Work to be completed>
The data shown below should all be retyped exactly.

Supplied information>
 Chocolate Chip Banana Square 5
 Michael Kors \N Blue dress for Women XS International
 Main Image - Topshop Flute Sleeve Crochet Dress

Answer to the problem>
 Chocolate Chip Banana Square 5
 Michael Kors \N Blue dress for Women XS International
 Main Image - Topshop Flute Sleeve Crochet Dress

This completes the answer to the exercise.